У Дженни был на всю эту ситуацию свой взгляд, и взгляд выстраданный. Замешенный на чувстве вины, что никогда до конца Веронику не покидало.
Она не могла признаться сестре, что главной причиной, по которой она не могла рассказать Маркусу о ребенке, был страх, что Эрона могут у нее забрать. Она была убеждена, что Маркус способен на такое. У него хватит и жестокости, и цинизма, чтобы лишить ее единственного смысла существования. Допустим, она расскажет ему о сыне. А дальше? Как отнесется Маркус к тому, что его ребенка будет воспитывать женщина, запятнавшая себя предательством компании, в которой работала? Сочтет ли ее Маркус способной стать хорошей матерью его сыну или сделает все, чтобы лишить ее родительских прав?

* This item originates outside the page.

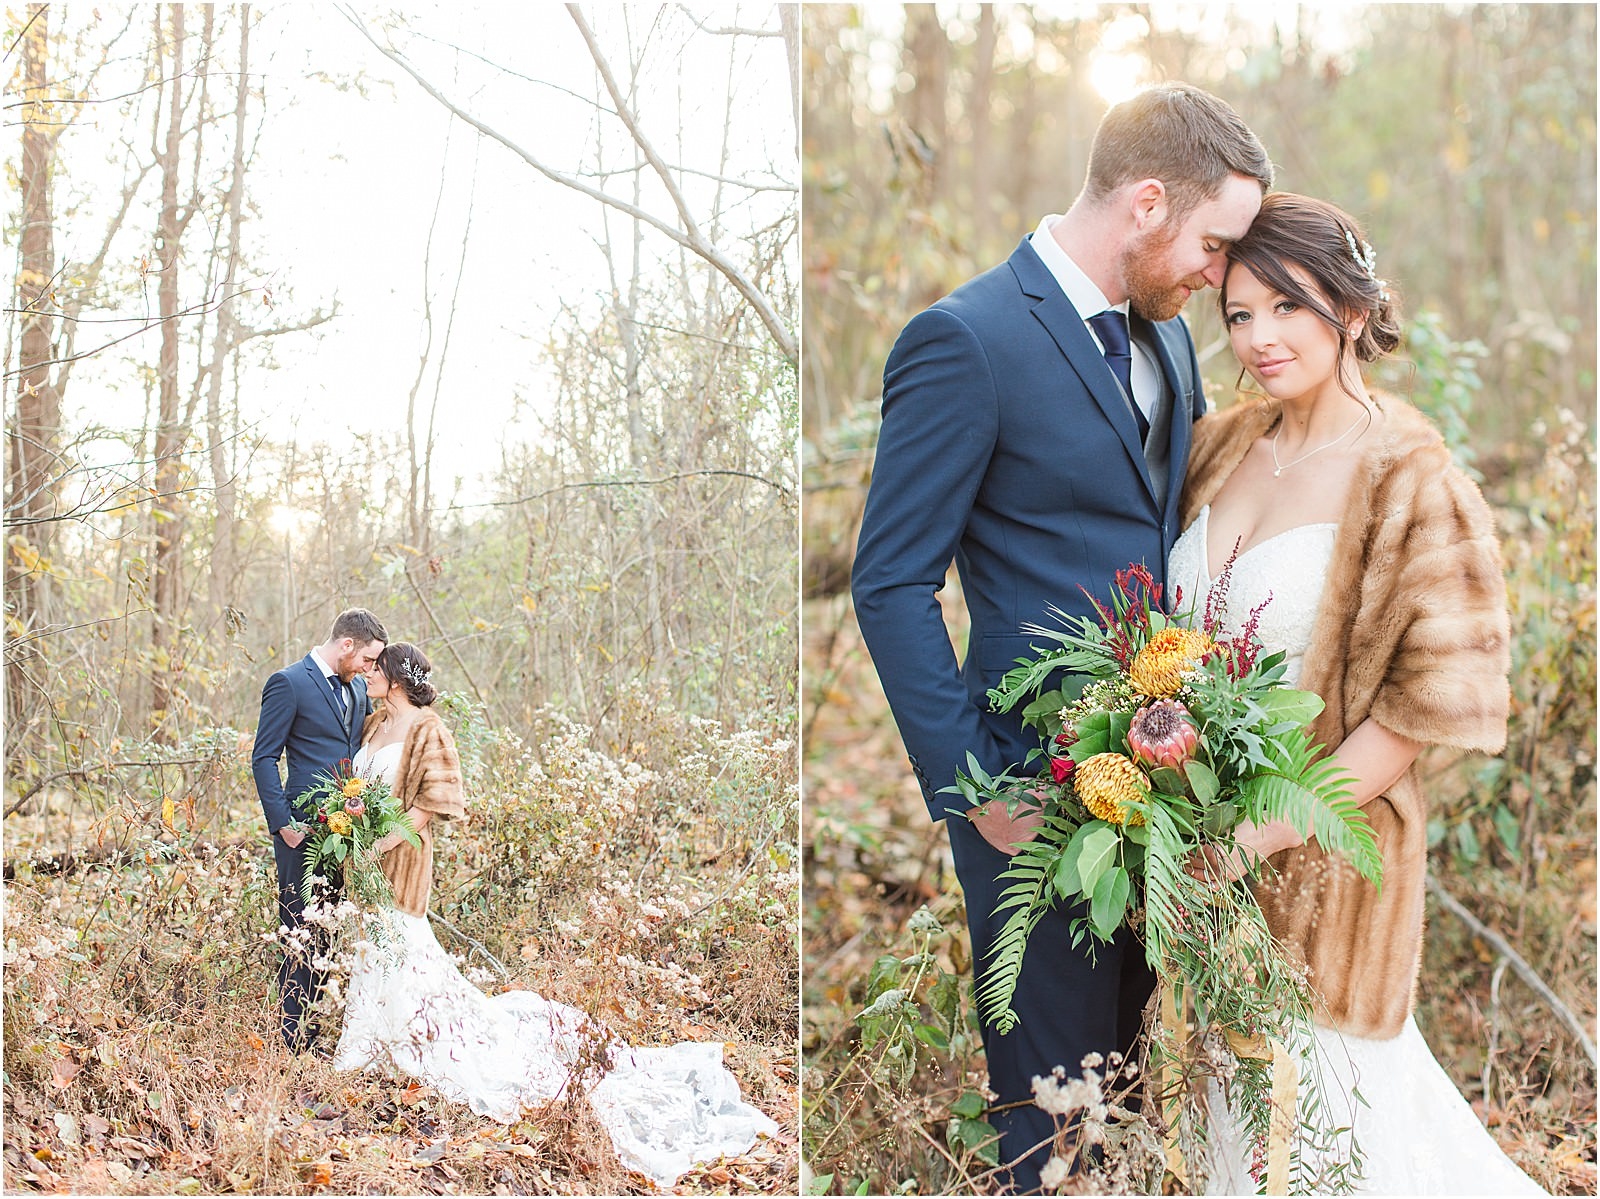 Walker and Alyssa's intimate fall wedding in Southern Indiana. | Wedding Photography | The Corner House Wedding | Southern Indiana Wedding | #fallwedding #intimatewedding | 076.jpg

Дженни не знала, какую цену пришлось заплатить Веронике зато, чтобы дать ей возможность лечиться за границей.
И Вероника никогда ей об этом не скажет.
Эту ношу ей суждено нести одной всю оставшуюся жизнь. Дженни была, как все в ее возрасте, максималисткой. Она делила жизнь на черное и белое и отлично знала, что хорошо и что плохо. До определенных событий и сама Вероника считала себя принципиальной и порядочной и думала, что никогда не сможет поступиться принципами. Страшно вообразить, какой чудовищный разлад случился бы в душе у малышки Дженни, узнай она о том, что ее сестра пошла на преступление против собственной совести, дабы дать Дженни шанс выжить.
Вероника и сама не раз возвращалась мысленно к тому времени, спрашивая себя, не было ли иного выхода из ситуации, но ни тогда, ни теперь она его не видела.
Ей не на кого было положиться, кроме как на себя, с того самого дня, как в двадцать лет она потеряла родителей. То, что у нее появился любовник, ничего не изменило. Маркус сразу дал понять, что на него она может не рассчитывать.
Никаких уз.
Никаких обещаний.
Никаких сестер, умирающих от лейкоза крови, от которого не было лекарств, одобренных Эф-ди-эй[3] и допущенных к применению в США.
Вероника смотрела на сестру, поглаживая шелковистую белокурую головку Эрона, и чувство вины уходило, уступая место глубокому удовлетворению.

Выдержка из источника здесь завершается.